A unique sculpture, entitled ‘New Life’, and made from Salford smokers’ last cigarette packs, has been unveiled today Salford Royal. 

Designed and created by local artist David Boultbee as part of the My Last Pack campaign, the artwork aims to convey the significance of quitting smoking.

 It has been created using empty cigarette packs that were donated by 77 people who have made a pledge to quit smoking for good.

Throughout June and July, the My Last Pack campaign encouraged Salford smokers to quit and donate their last empty pack of cigarettes. Packs were collected at special donation boxes located across the city before being transformed into a specially commissioned work of art. 

Initiated and funded by Pfizer, and supported by Salford Royal NHS Foundation Trust, the campaign has also raised vital funds for charity, with Pfizer pledging £500 to the national charity QUIT.
The campaign aims to highlight that help to successfully quit smoking and stay nicotine-free is available via healthcare professionals. 

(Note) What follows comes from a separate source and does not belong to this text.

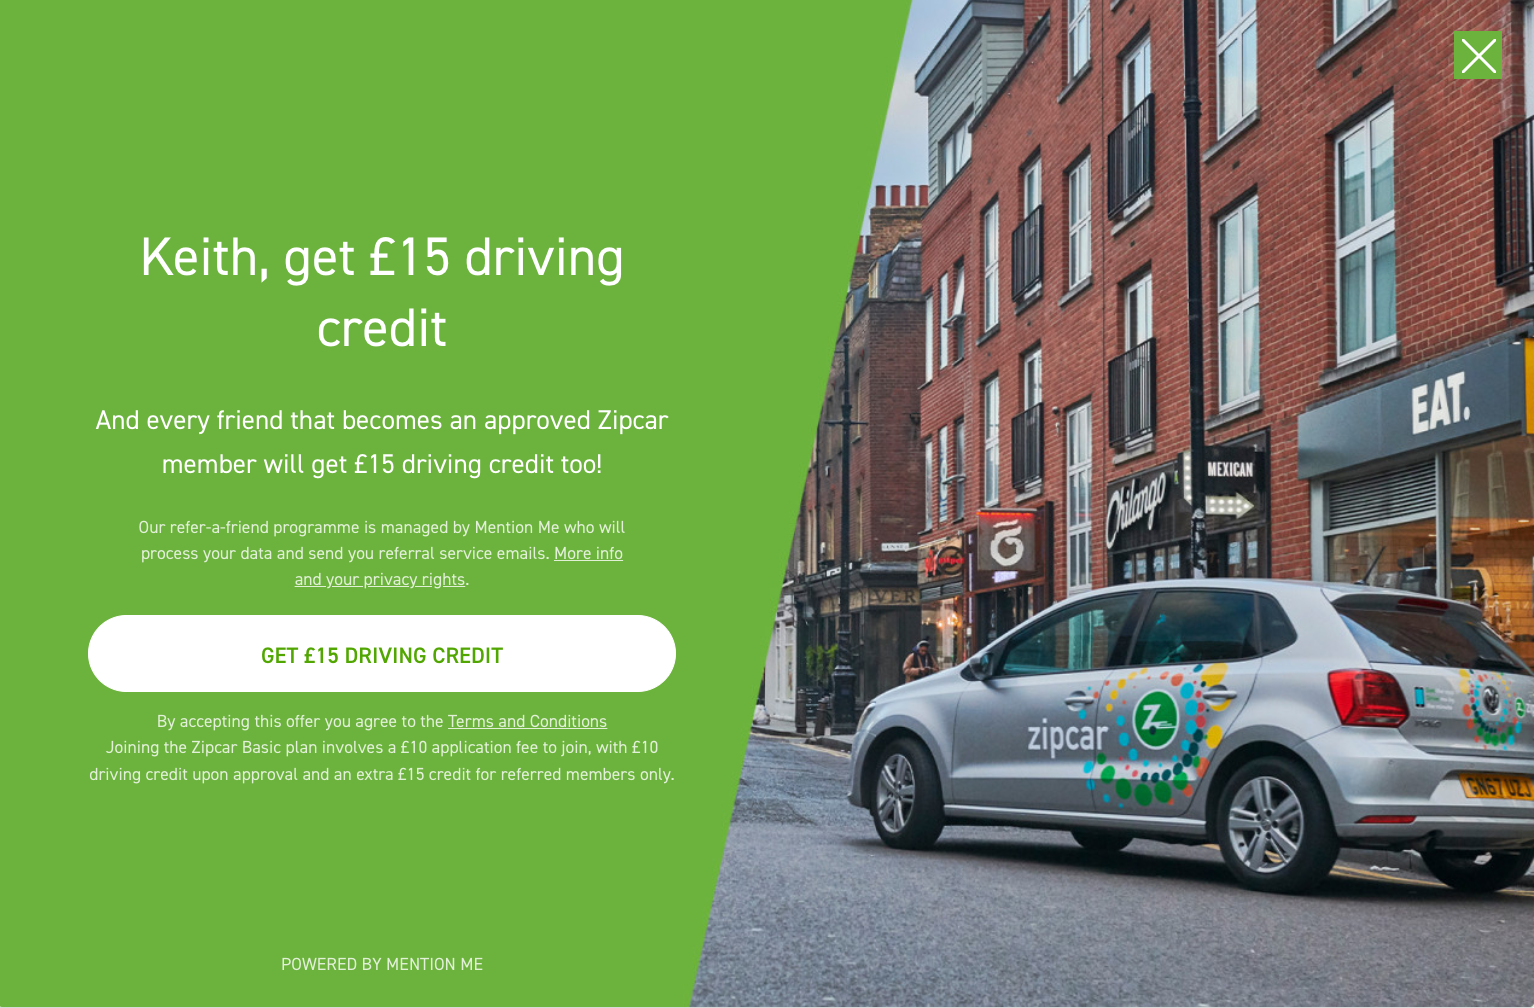 Zipcar refer-a-friend example

The latest research suggests that those who seek help from a healthcare professional are up to four times more likely to stop smoking for good than those who try to go it alone.

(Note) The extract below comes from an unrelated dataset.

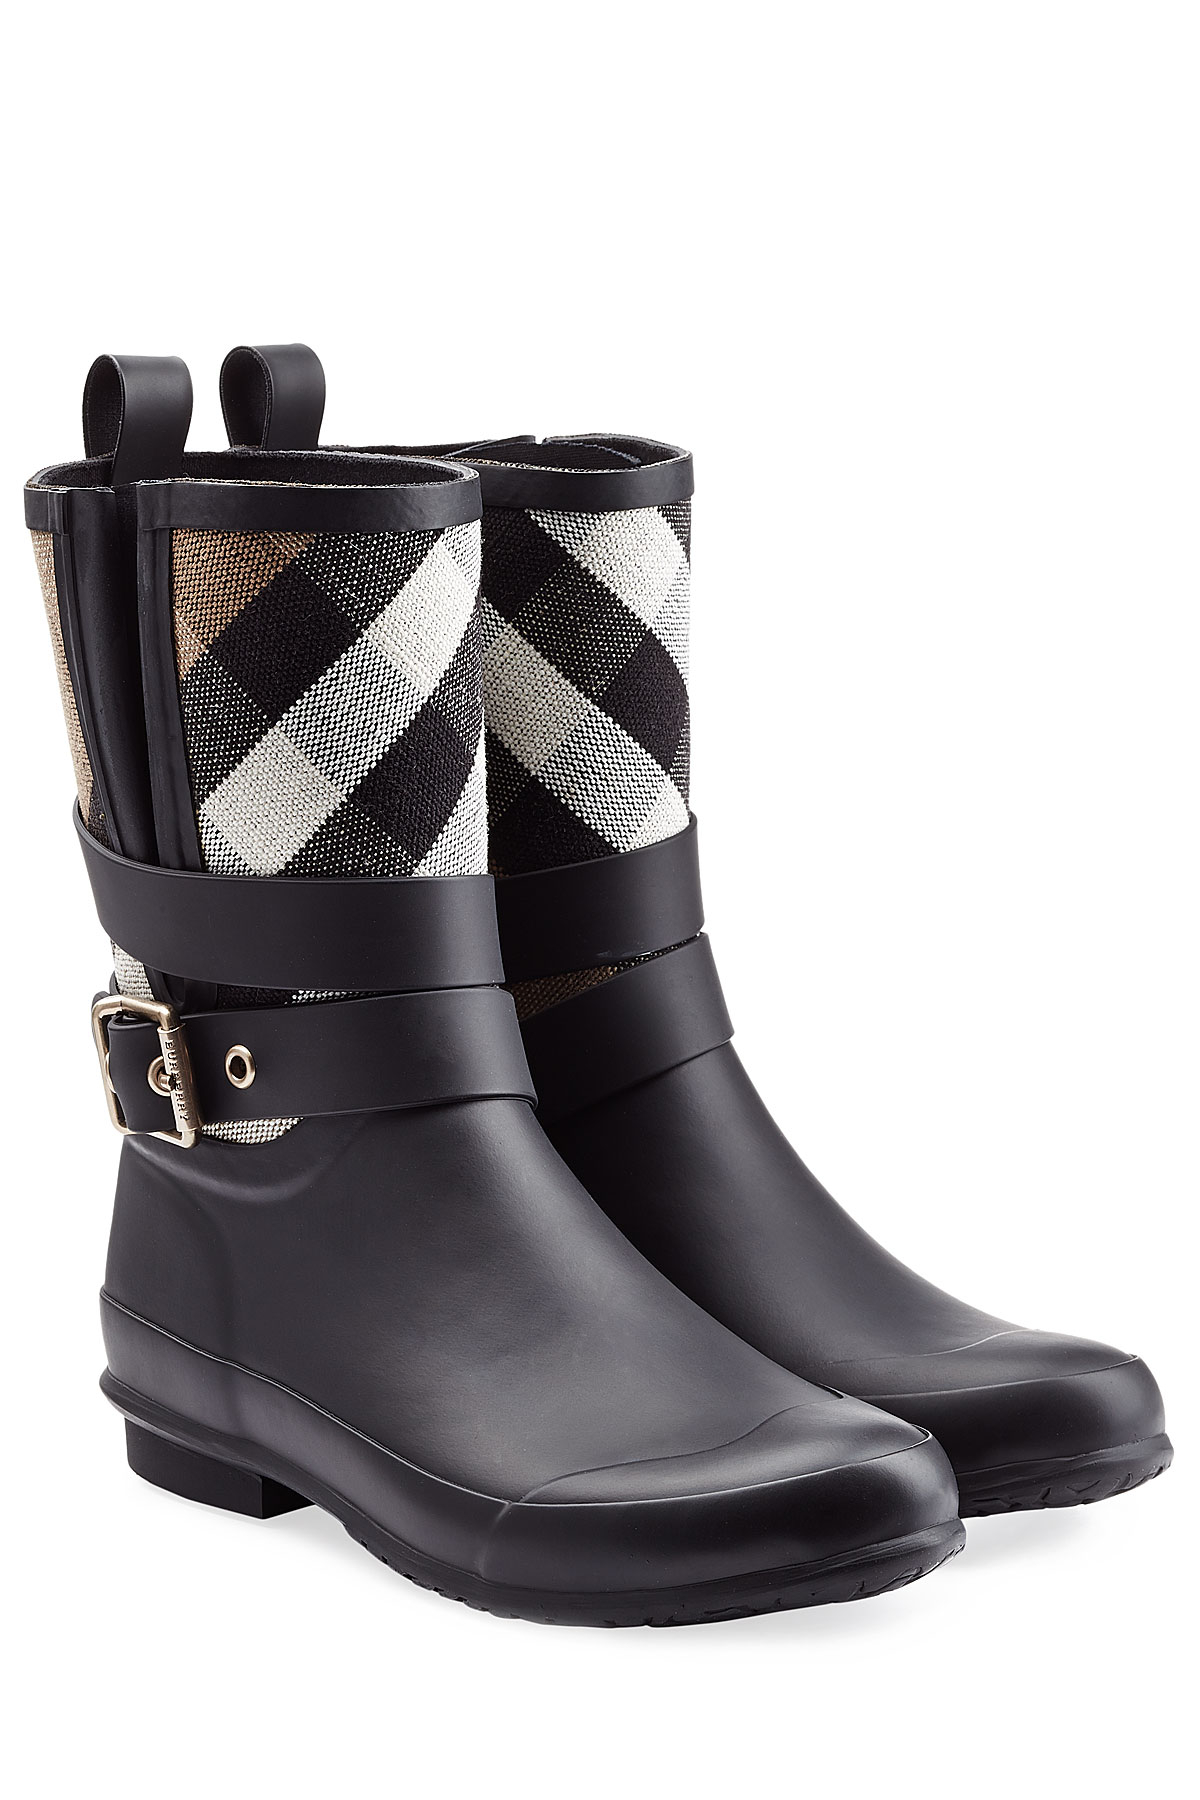 Lyst - Burberry Holloway Rubber Rain Boots - Black in Black

Artist David Boultbee, who designed and built the sculpture, said, “I wanted to create something that really resonates with people and says something about the positive side of deciding to quit smoking. Each cigarette pack has been pulped and carefully remoulded to create a figure that represents each person who donated their pack and celebrates their individual pledge to quit. 

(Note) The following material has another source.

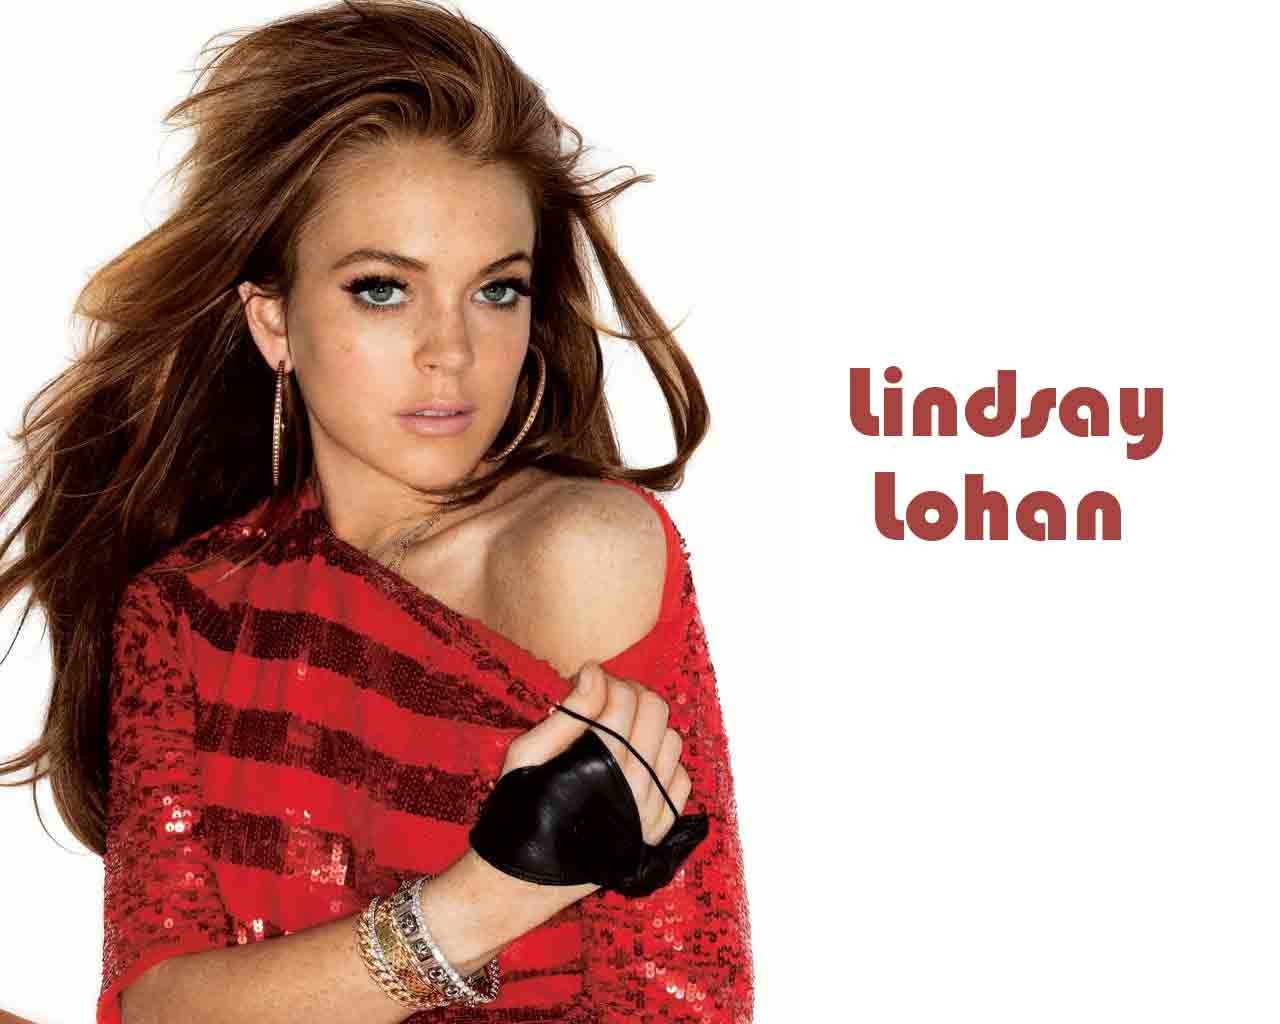 Lindsay Lohan Picture

The figures make obvious reference to Lowry, firmly rooting the work in Salford but still modern; each one striding purposefully forward, with their heads held high and very much reflecting the area as it is today.

June Roberts, Assistant Director of Nursing at Salford Royal NHS Foundation Trust, commented, “We would like to thank all the people who have participated in this campaign by donating their last empty cigarette pack and making the commitment to quit smoking. We’re so thrilled to see the sculpture unveiled in our hospital today and hope this will inspire other smokers to consider speaking to a healthcare professional about quitting. It’s important to remember that it’s never too late, and you are more likely to quit for good if you seek help.”

‘New Life’ is being exhibited at Salford Royal, Hope Building (opposite M&S), until the end of October.